At STAR school, capstone projects have shifted from traditional oral presentations to digital videos that students upload online to share with a wider audience; younger students learn to read on solar-powered laptops with the online reading program i-Ready.
In Jamie Paul’s Montessori-style class, kids always have the choice to work on computers during free time. For Paul, although the school is rooted in history, there’s a decidedly “pro-technology” feel. She knows the skills students learn through PBE—social-emotional skills, creativity, empathy—are the ones adults need to succeed in the 21st century workplace, but she also wants to help them build digital fluency.

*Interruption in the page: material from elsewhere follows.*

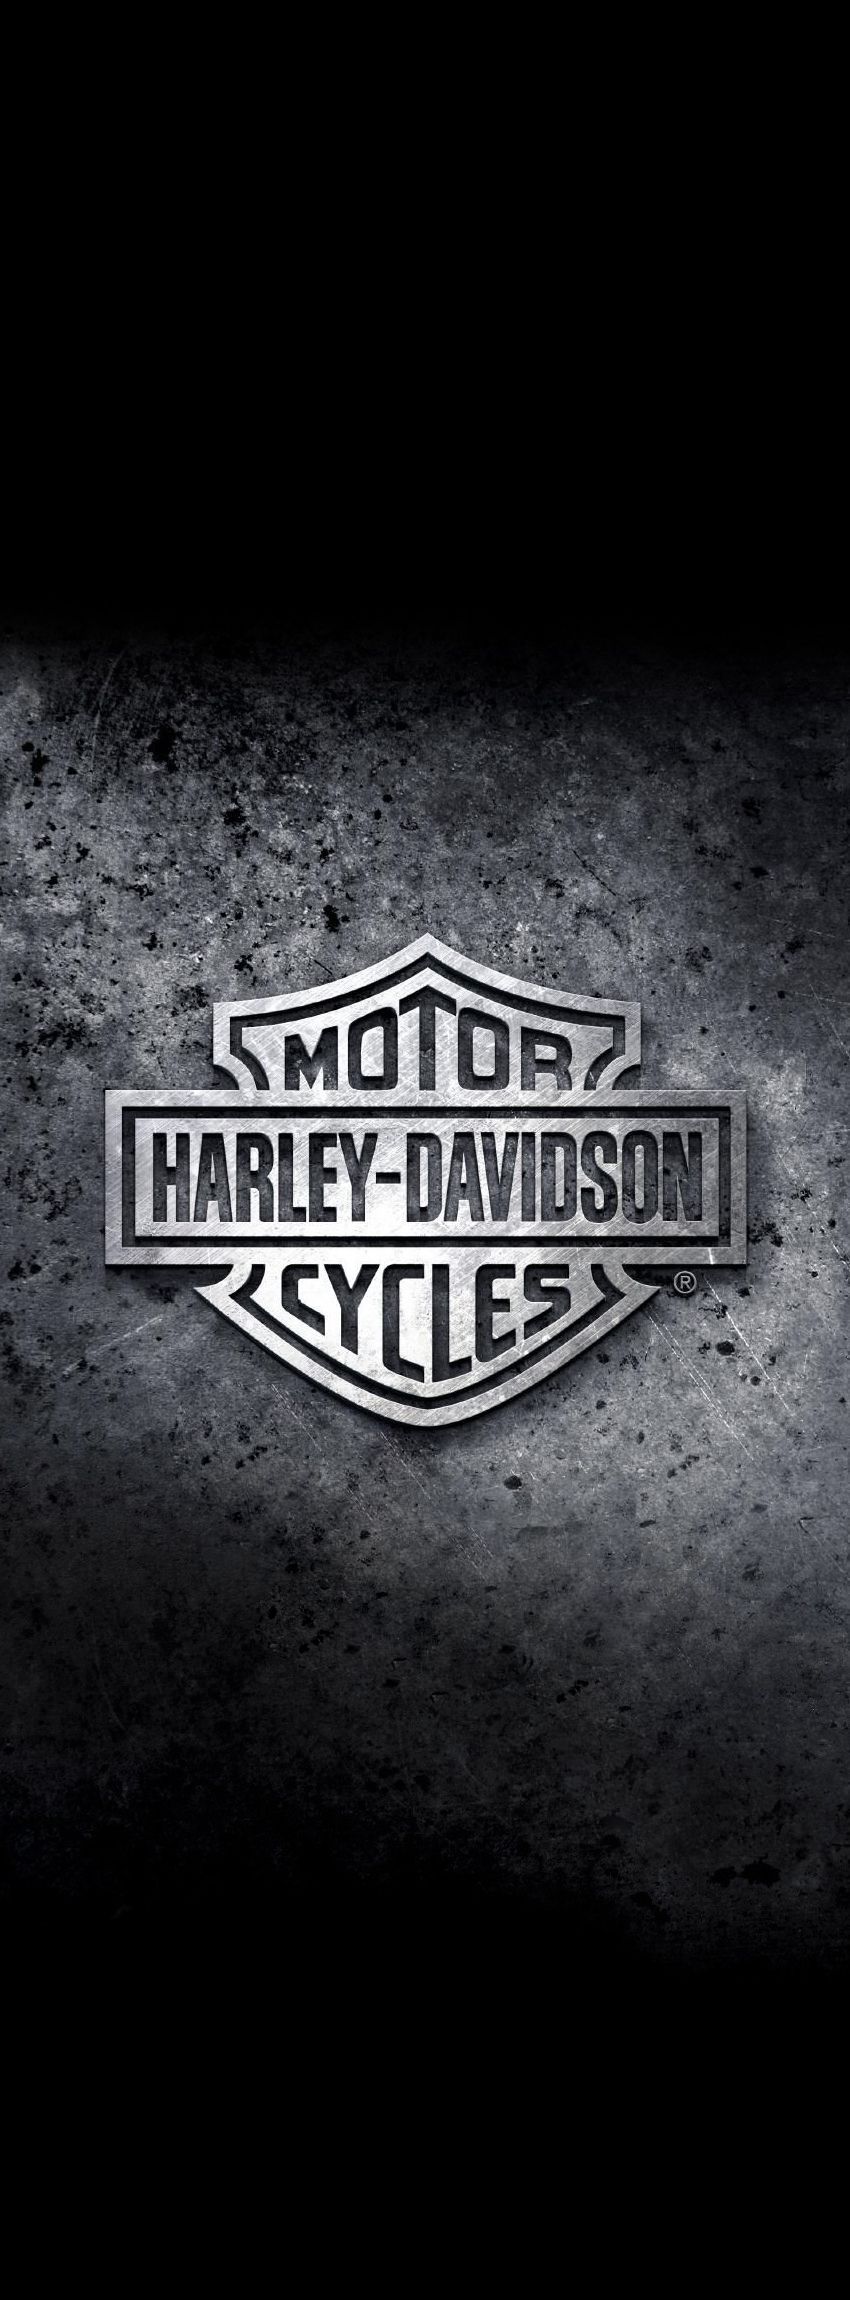 Harley Phone Wallpaper. Harley davidson wallpaper, Harley davidson artwork, Harley davidson decals

Sorensen is similarly optimistic about PBE’s potential to work in harmony with technology. To him, what matters most is the intention. At STAR, he says, "it’s not about the tech itself. It’s about the purpose of it. If you’re using the internet to entertain, it’s not aligned with our values. But if you’re using it in service of people, to help them, technology’s a great thing."
Place-based means any place
For Sorensen, PBE is a model all students can benefit from, whether “urban or rural, Navajo or not.” It’s a point that McClennen, whose job is to help a diverse range of schools adapt PBE curriculums, also stresses.
“No matter where you live, you can still ask, ‘What’s in my community that I can use?’” McClennen explains. "Every school has a unique ecosystem to capitalize on.”
In fact, STAR is just one example of how place-based education is being implemented. Traverse the country, and one will find other urban, rural and suburban examples. Take the Sustainability Academy in Burlington, Vermont, an urban school where students explore their neighborhoods to learn geography and serve food to the homeless grown on the schools’ raised vegetable beds. Or, the independent Journeys School in Jackson, Wyoming, where students head into the Grand Tetons to measure water levels and lead backpacking trips in the mountains.
As long as you have a place, it seems, place-based education can be part of your curriculum, helping engage learners and improve their communities for learners to come.